Would you transcribe the whole listing exactly, minus its pictures?

### [INFORMATION SHOWN]
[Start of section]
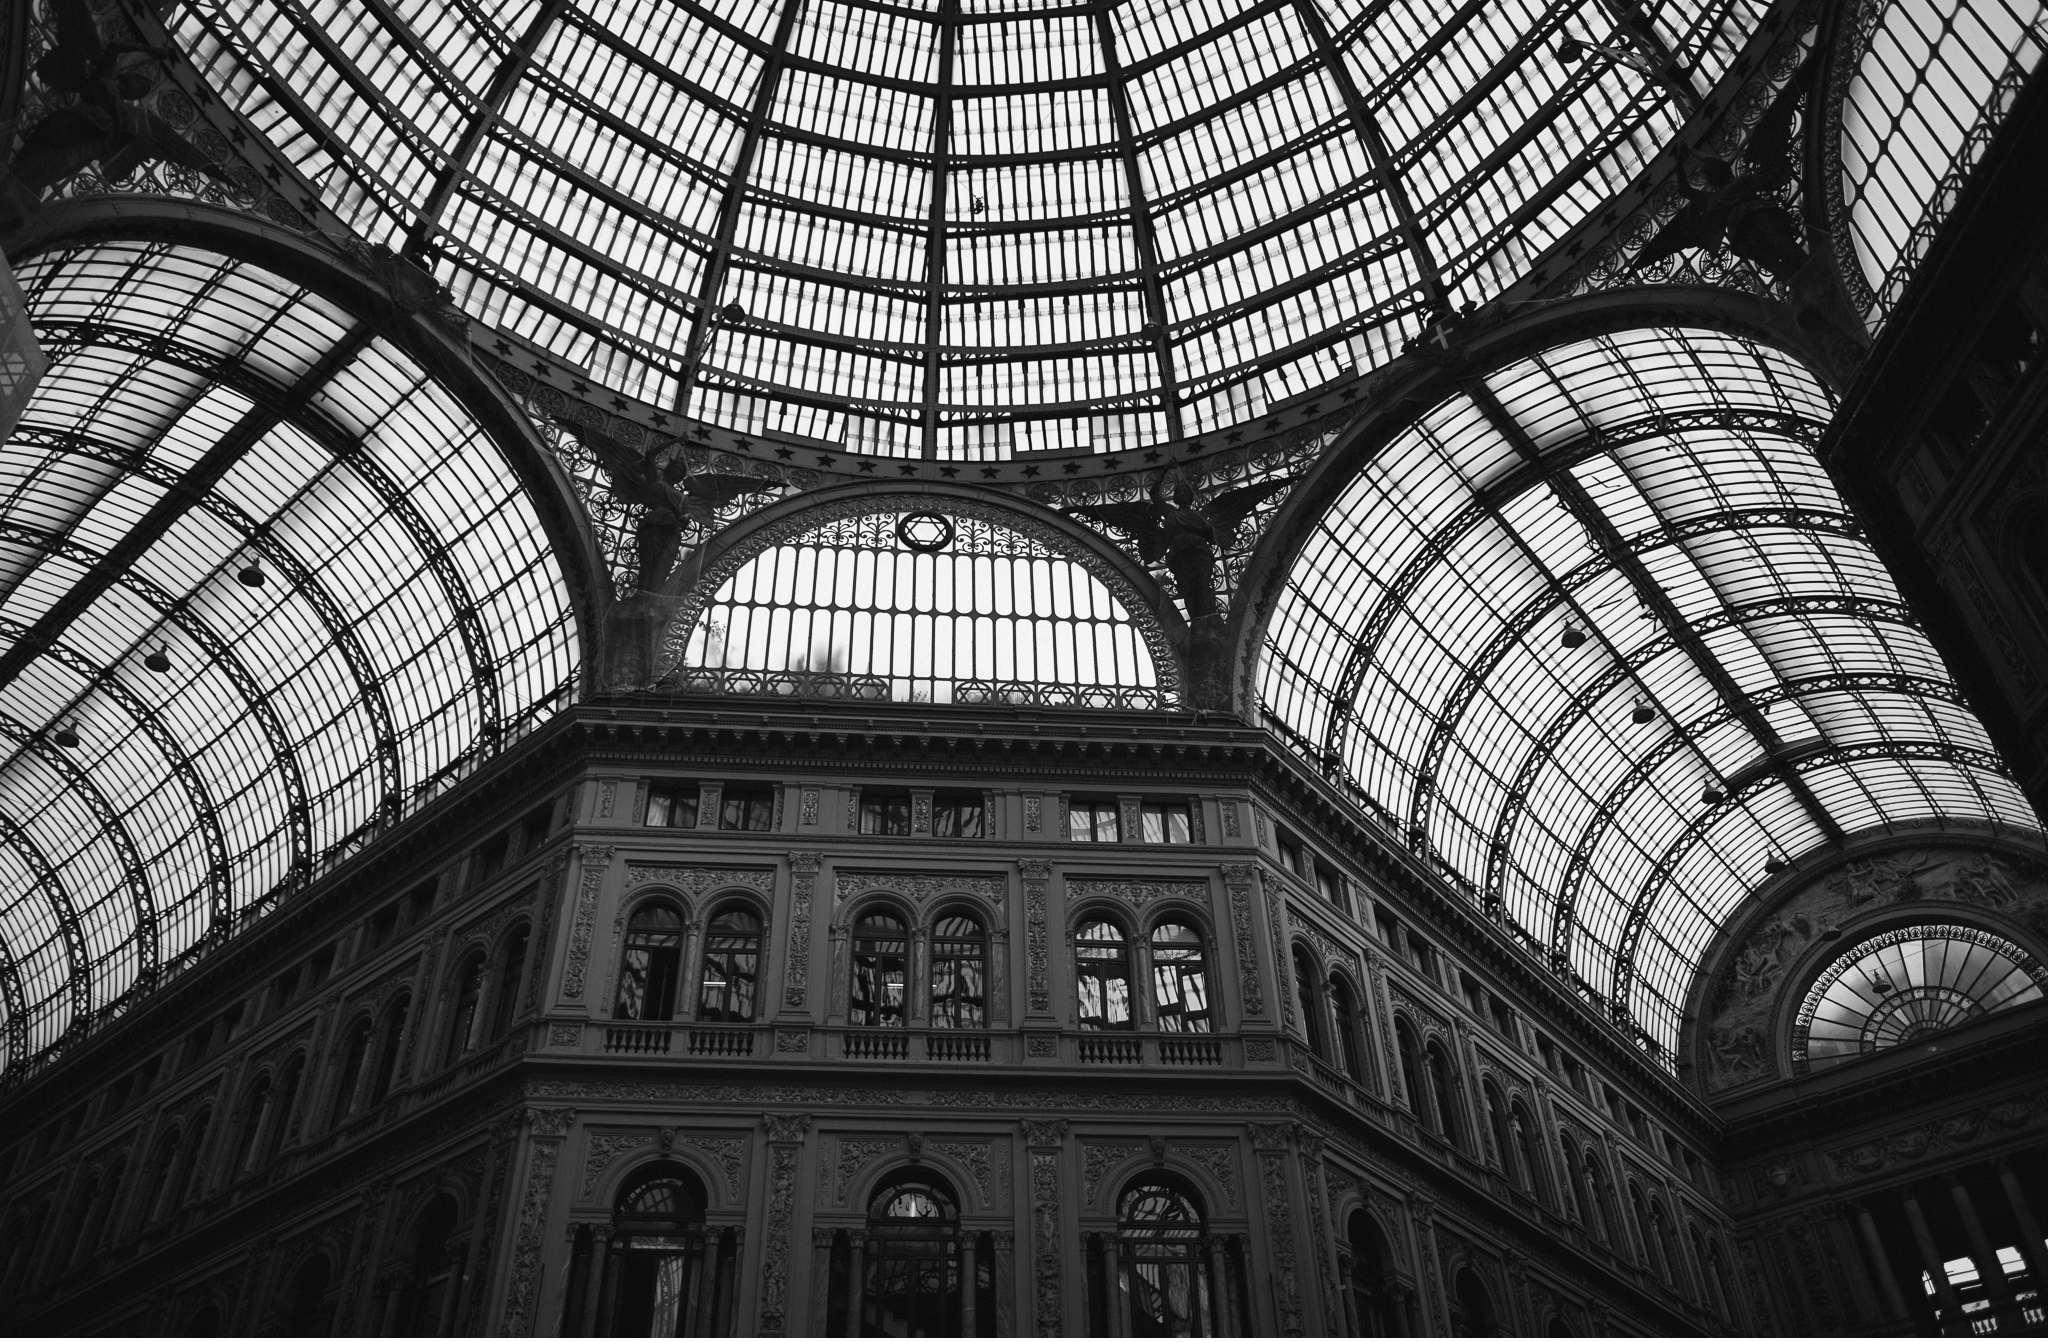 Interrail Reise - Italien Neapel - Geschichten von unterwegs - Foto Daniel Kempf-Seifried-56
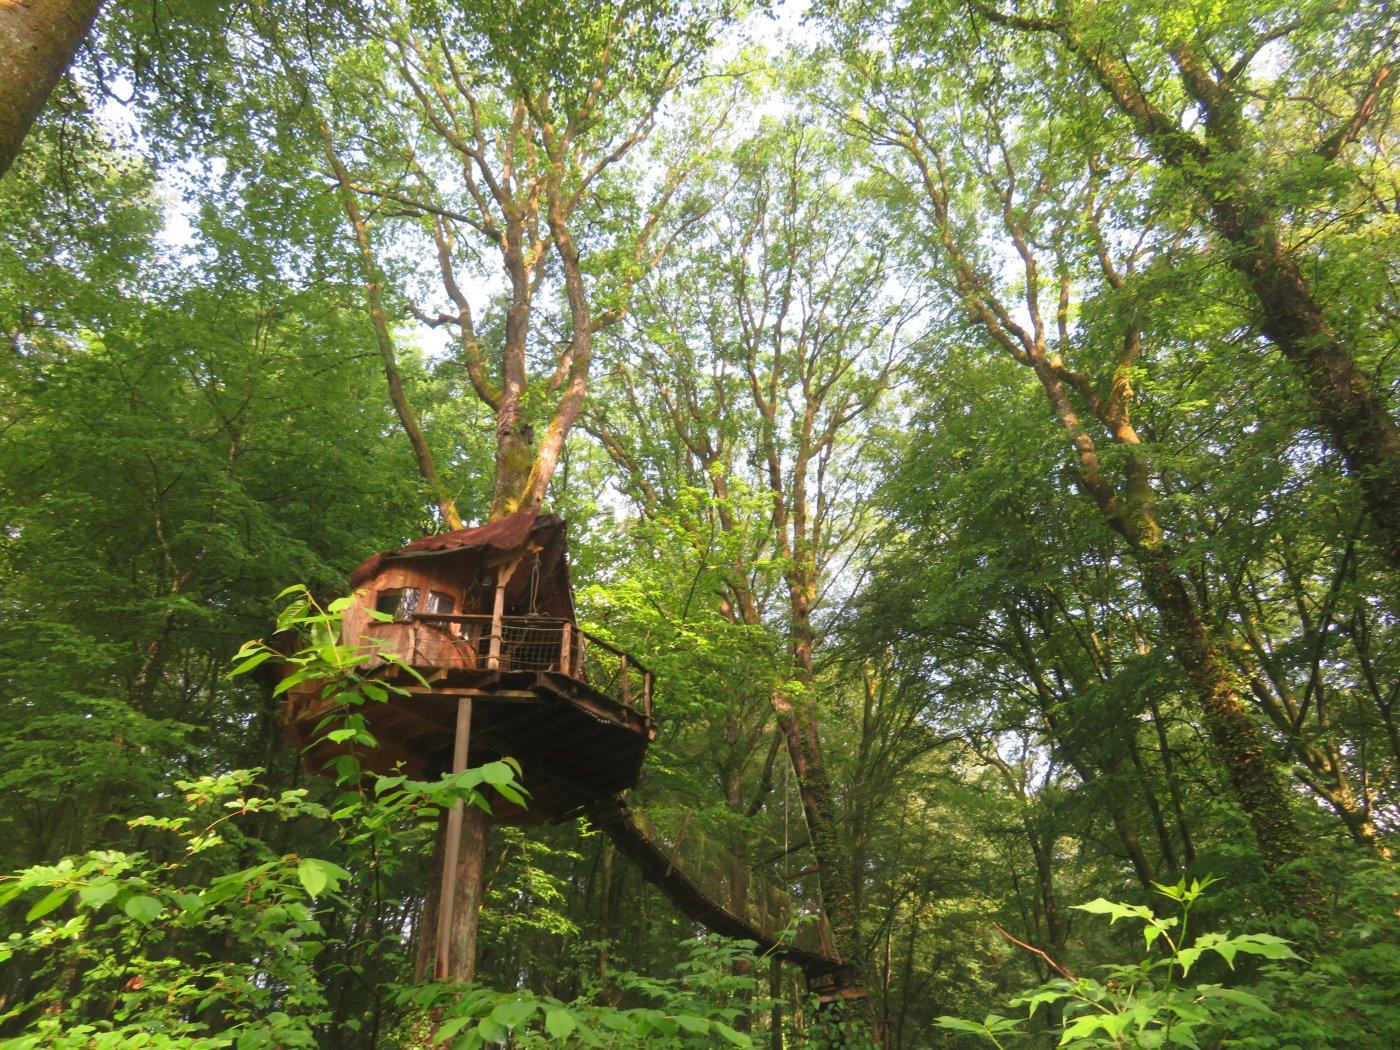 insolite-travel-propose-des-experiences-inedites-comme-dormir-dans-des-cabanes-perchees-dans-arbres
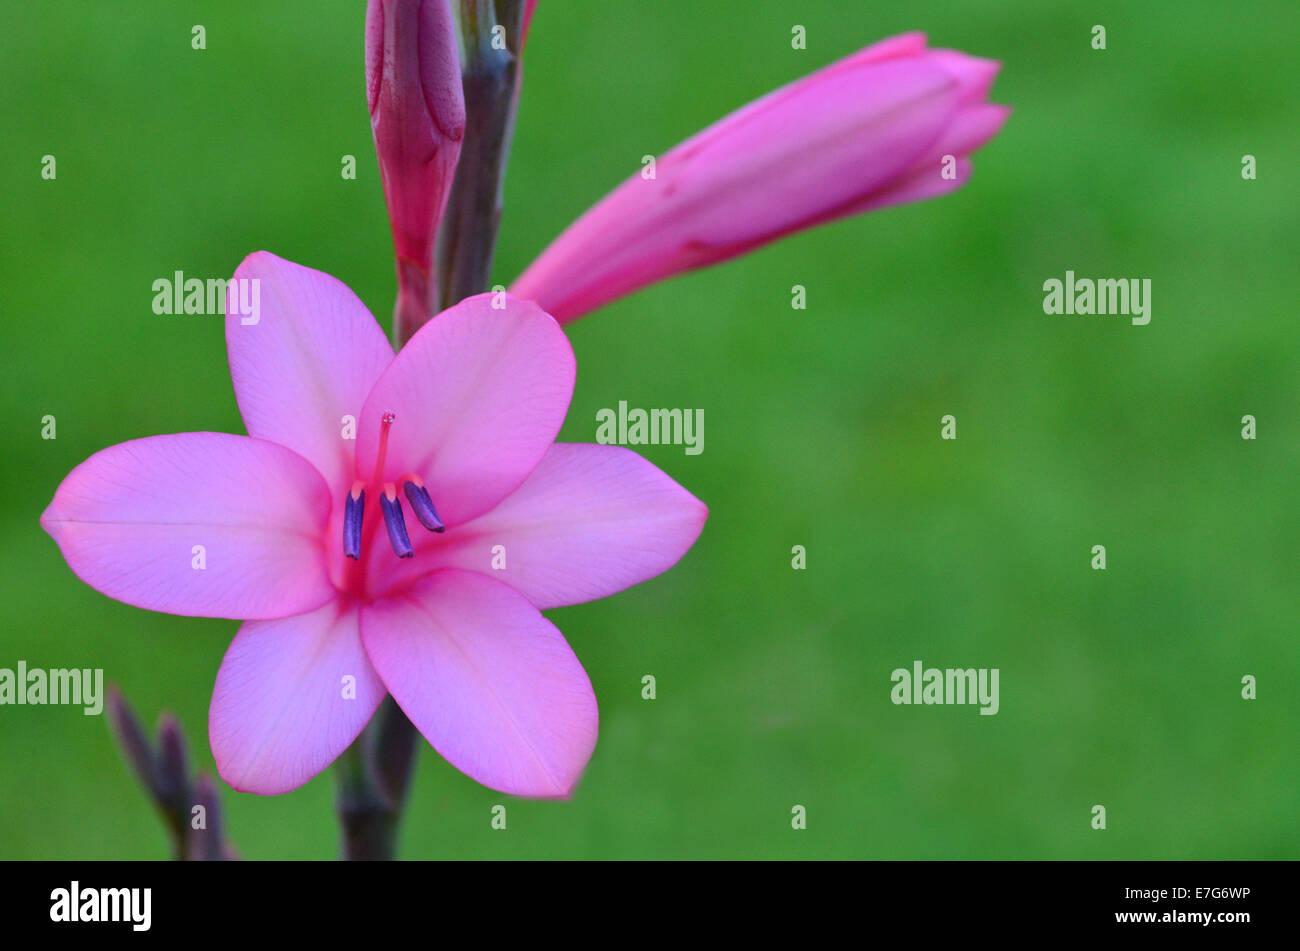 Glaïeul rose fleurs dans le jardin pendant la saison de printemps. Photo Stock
[End of section]
### [RESPONSE FOR THIS EXERCISE]
 Interrail Reise - Italien Neapel - Geschichten von unterwegs - Foto Daniel Kempf-Seifried-56
 insolite-travel-propose-des-experiences-inedites-comme-dormir-dans-des-cabanes-perchees-dans-arbres
 Glaïeul rose fleurs dans le jardin pendant la saison de printemps. Photo Stock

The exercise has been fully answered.